Split data into train/test (and optionally a validation split).
Train a baseline decision tree.
Control complexity:
try at least two settings (e.g.,
max_depthormin_samples_leaf)compare train vs test results
Report:
confusion matrix
precision/recall (or F1)
Interpret:
extract at least two decision paths or rules
explain them in plain language (“If … then …”)
Short reflection:
what kind of mistake is more costly here (FP or FN)? why?
In-class checkpoints (Text-as-data / sentiment)¶
Load a small dataset of text reviews (provided).
Preprocess text (light):
lowercase
remove obvious punctuation
Compute sentiment:
score each text
compare average sentiment by product/category
Error analysis:
inspect at least 5 examples where the sentiment seems wrong
write a short explanation (sarcasm? domain terms? mixed sentiment?)
Optional extension:
create a simple “negative review” flag and count by category/time.
In-class checkpoints (Ethics)¶
Identify at least one potential proxy feature risk in your tree model.
Identify at least one bias risk in your text workflow (language, sampling, domain mismatch).

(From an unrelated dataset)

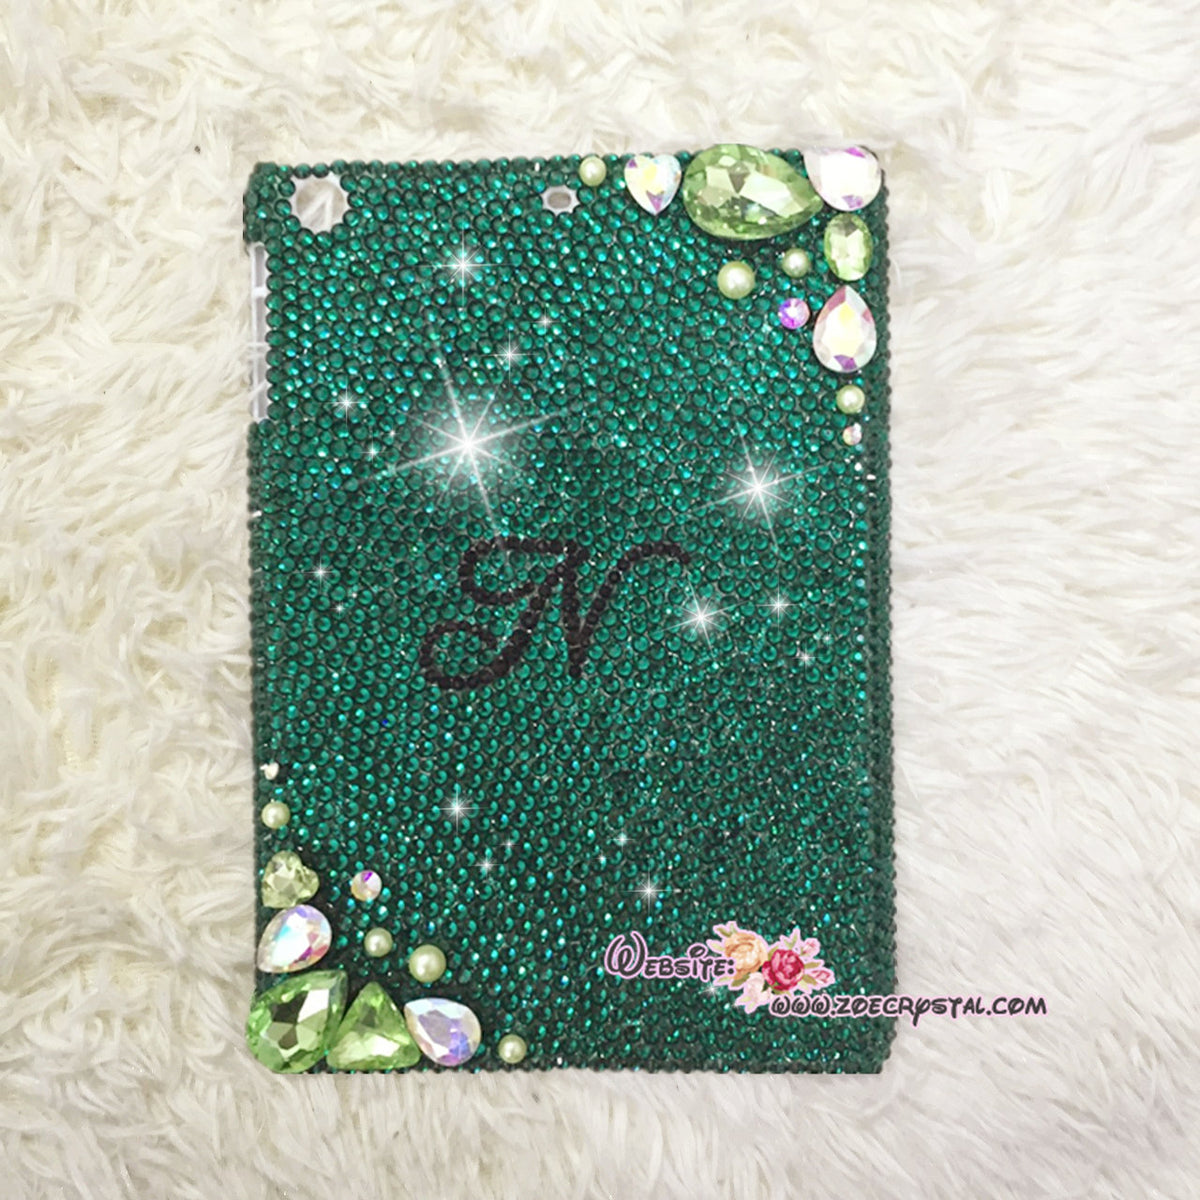 Bedazzled Bling iPAD CASE / Cover with Green Swarovski or Czech crystal (iPad air, iPad pro, iPad mini are available)Strass Sparkly Stylish

Write a short “responsible use note”:
how you would monitor model performance and harms in practice.
Submission (after class)
Colab link (view permission) or PDF export.
Include:
metrics + 2 rules + 1 limitation (tree)
1 visualization + 5 inspected examples + 1 limitation (sentiment)
a brief ethics/fairness note
prompt/workflow log if AI tools were used
AI check (responsible use)¶
Good prompt examples
“Write sklearn code to train a decision tree with max_depth=3 and print a confusion matrix.”
“How do I interpret precision and recall in a churn context with costly false negatives?”
“Suggest a checklist for validating sentiment analysis outputs on product reviews.”
“List potential proxy variables for sensitive attributes in churn/credit contexts.”
Bad prompt examples
“Prove my model is fair.”
“Write a persuasive story that the model should be deployed immediately.”
“Summarize the reviews and tell me what customers ‘really think’ without showing examples.”
Review questions (quiz / reflection)¶
Why do decision trees often overfit, and what are two ways to reduce overfitting?
Why can accuracy be misleading in imbalanced classification problems?
Give two reasons sentiment analysis might fail on business/econ text.
Name one point in the pipeline where bias can enter, and one monitoring step you would propose.